WT and Mfn2 KO MEFs were co‐transfected with plasmids encoding:
  • A
    mt‐RFP and ER‐GFP and ER‐targeted Mfn2 (ER‐Mfn2) or a control plasmid (CT). Mitochondria‐ER colocalization was analyzed using Mander’s coefficient (n = 15 cells analyzed in three independent experiments). Data are presented as mean ± SEM.
  • B
    GFP and ERMITO‐RLuc and ER‐Mfn2 or control plasmid. After 24 h, the transfected cells were sorted and plated for another 24 h, after which RLuc was analyzed (n = 4 independent experiments). Data are presented as mean ± SEM.
  • C–F
    mt‐RFP and ER‐Mfn2 or control (CT) plasmid. After 48 h, the cells were fixed. (C) Representative images. Scale bar = 5 µm. (D) Mitochondrial morphology was analyzed (n = 113–422 cells analyzed in three independent experiments) and (E) aspect ratio and (F) circularity calculated (n = 360 mitochondria analyzed in three independent experiments). Data are presented as mean ± SEM.
  • G
    GFP and ER‐Mfn2 or control (CT) plasmid. Mitochondrial Ca2+ was determined. Mitochondria were uncoupled with CCCP (10 µM) as indicated (n = 30 cells from three independent experiments). Data are presented as mean ± SEM.
  • H
    LAR‐GECO1 and ER‐Mfn2 or control (CT) plasmid. ER Ca2+ levels were determined. ER Ca2+ release was induced with caffeine (20 mM) as indicated (n = 35 cells from four independent experiments). Data are presented as mean ± SEM.
  • I
    GFP and ER‐Mfn2 or control (CT) plasmid. The effect of caffeine‐induced (20 mM) ER Ca2+ release on mitochondrial Ca2+ was measured (n = 30 cells from three independent experiments). Data are presented as mean ± SEM.
  • J–N
    GFP and ER‐Mfn2 or control (CT) plasmid. (J) MMP was determined. The values were normalized to surrounding untransfected cells. (n = 90 cells analyzed in three independent experiments). (K) After 24 h, the transfected cells were sorted and plated for another 24 h, after which cells were treated with 2‐DG (10 mM) for 6 h, and ATP levels were measured (n = 3 independent experiments). (L) Oxygen consumption was measured, and (M) RCR and (N) SRC were calculated (n = 4 independent experiments). Data are presented as mean ± SEM.
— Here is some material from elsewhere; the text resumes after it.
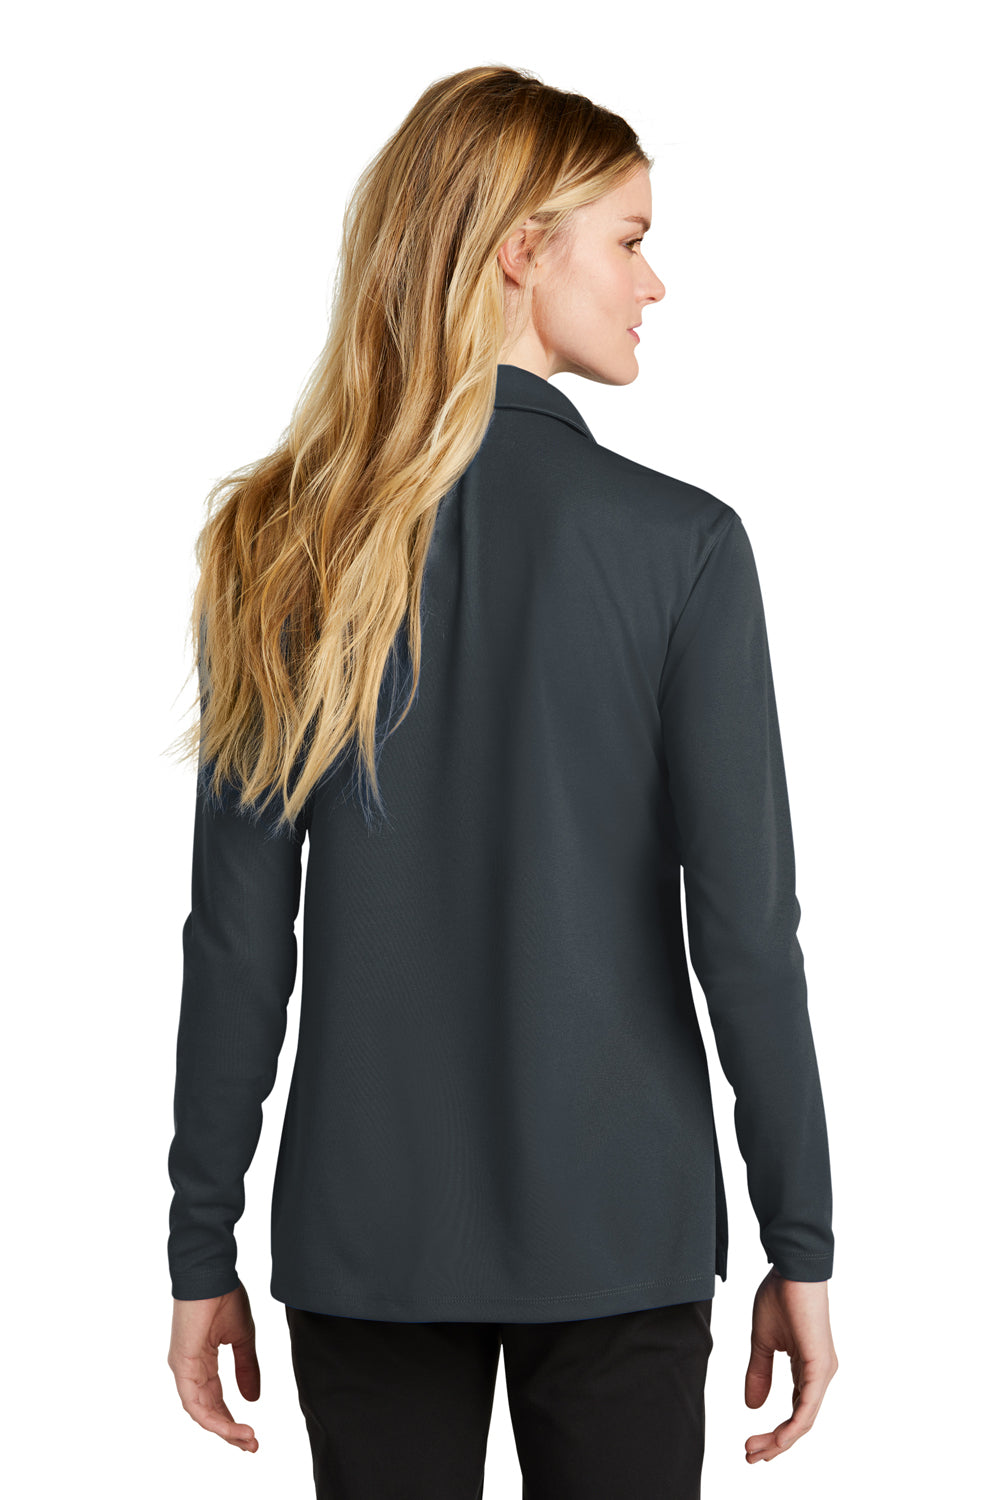 Nike NKDC2105 Womens Dri-Fit Moisture Wicking Micro Pique 2.0 Long Sleeve Polo Shirt Anthracite Grey Model Back

Data information: *P < 0.05, one‐way ANOVA followed by Tukey’s post hoc test. Note that experiments in Fig 4A and Appendix Fig S4E, Fig 4D and Appendix Fig S4B, Figs 4K and 3I, 4L and 3J, 4M and 3K, 4N and 3L, 4G and Appendix Fig S4G, Fig 4H and Appendix Fig S4H, and Fig 4J and Appendix Fig S4J were performed at the same time, so the values of WT and Mfn2 KO transfected with control plasmid are the same but the figures have been split in two for the sake of linearity.